Here I am settled once more onto my porch in my bungalow in sunny Naples. No, it is not the grand studio I have back home in NH but I am outside in a jungle like setting with birds chirping, butterflies fluttering by and wonderful breezes that blow my toxic materials away so I am not inhaling them. What more can a girl ask for in February?!

I have been here for a month and plan on two more months. Longer than usual. What is the rush home? Well, it’s not my little village. But since most of my friends leave for the winter, I might as well stay here until the ground thaws and the snow melts.

I am pleased that I heard from WB Gallery in Stowe VT yesterday. They have offered me a spot in Sept til Dec for a show. What a great time of year to show there. Fall, tourists and pre Xmas. I know that sounds so commercial but that is part of the game. I do  my work, love what I do and then it has to sell. Third on the list. This past fall I worked primarily on birds’ nest and now I am starting a series of falling stones. This is a series I first worked on when I was still a sculptor. The title is  ‘Like clouds, stones too are amorphous’. The last sculpture I ever did was in bronze and was a pile of stones that look like they are falling out of the sky. I am starting with 2 large panels with stones falling. Still have quite a ways to go. Do a lot of carving and drawing and scraping. Need them to feel like they are in motion and not a pile of potatoes.

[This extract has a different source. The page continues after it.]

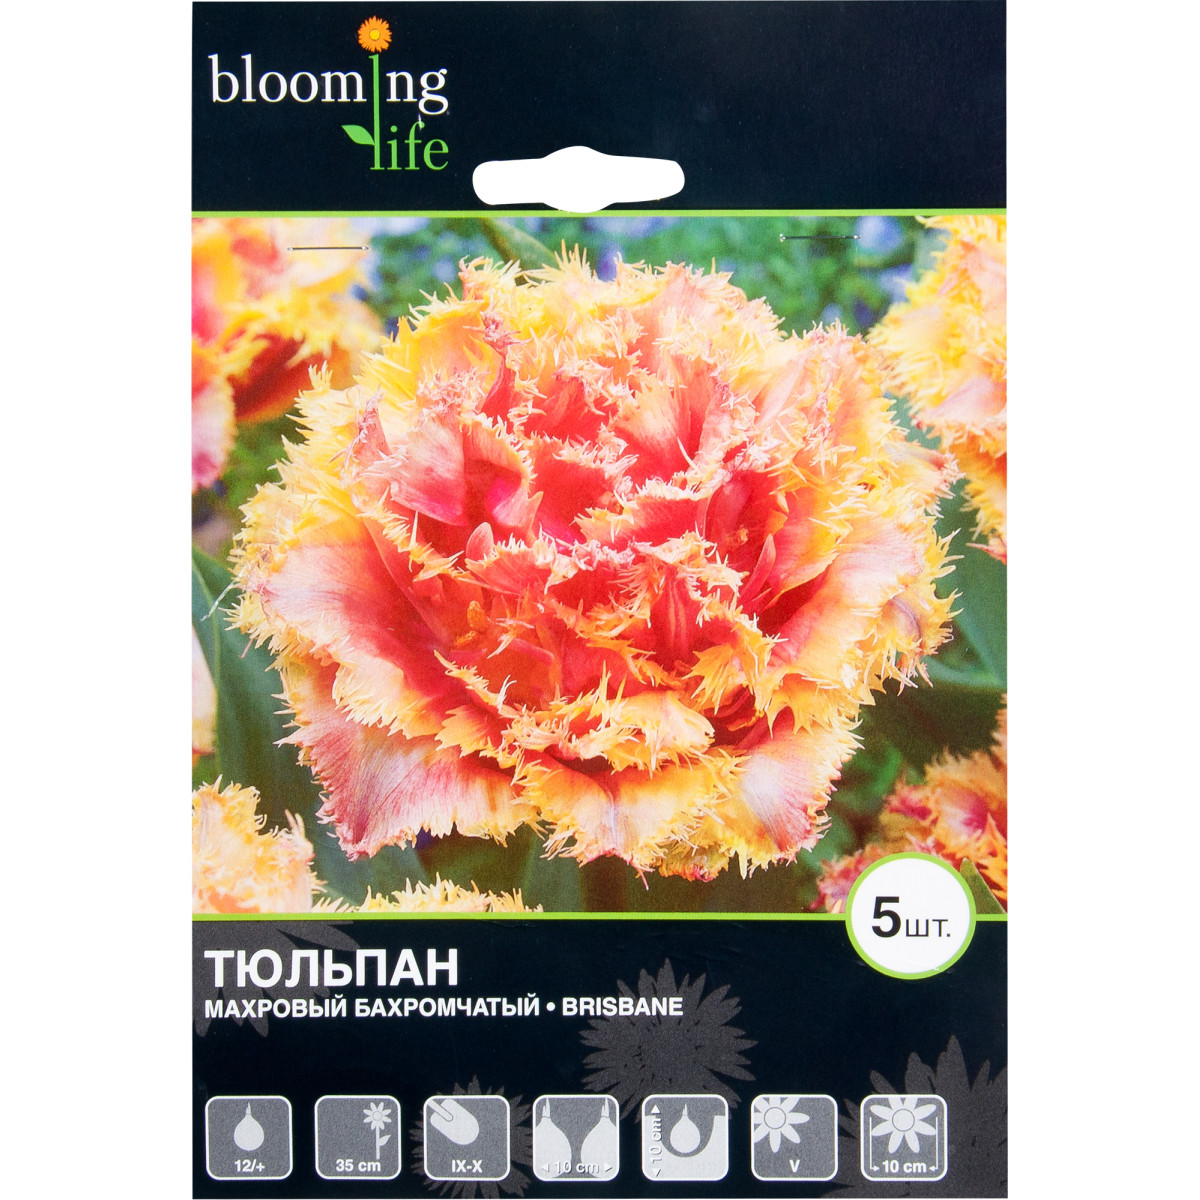 Тюльпан махровый бахромчатый Брисбан

In the meantime, I have signed up for a semi private workshop with remarkable Rebecca Crowell. I am flying to MN the first week of March. Had to go to Walmart’s to buy some cheap winter clothes since I have none here. I got it in my head that I want to learn cold wax which is so much more fluid than hot wax. Many encaustic painters do both mediums. She is a magnificent cold wax painter.

 

I seem to be working through the block I have had for several months. It helped to take a workshop with Tracy Spadafora. She is an excellent teacher. I drove to her studio in MA and we got right to work. No seconds wasted. What was alluding me was the transparency I was seeking. I had to start at ground zero as if I had not spent the past 5 years working with wax. I guess I developed some bad habits working so large. One class with her and it started to come together. I simplified my imagery. I was trying to get away from all imagery but I can’t seem to do that. So I am keeping it very simple . Like the single trees I used to do. I think I’ll go back to them as well.2 nests croppedThis is a snapshot taken with my phone so I will replace it later. These are 10 inch square pieces. Not finished yet. West Branch sold one last month that was 24 inches square. The hard part is yet to come. Layers with marks and bits of color. Not too much, though. I think I’ll do one with paper whites at the bottom. I hand draw into the wax and fill the etched lines with paint stick.Very simple. NO transfers and gimmicks. Just drawing and mark making.

Deadlines to meet which I now, with a sigh of relief, feel I will meet.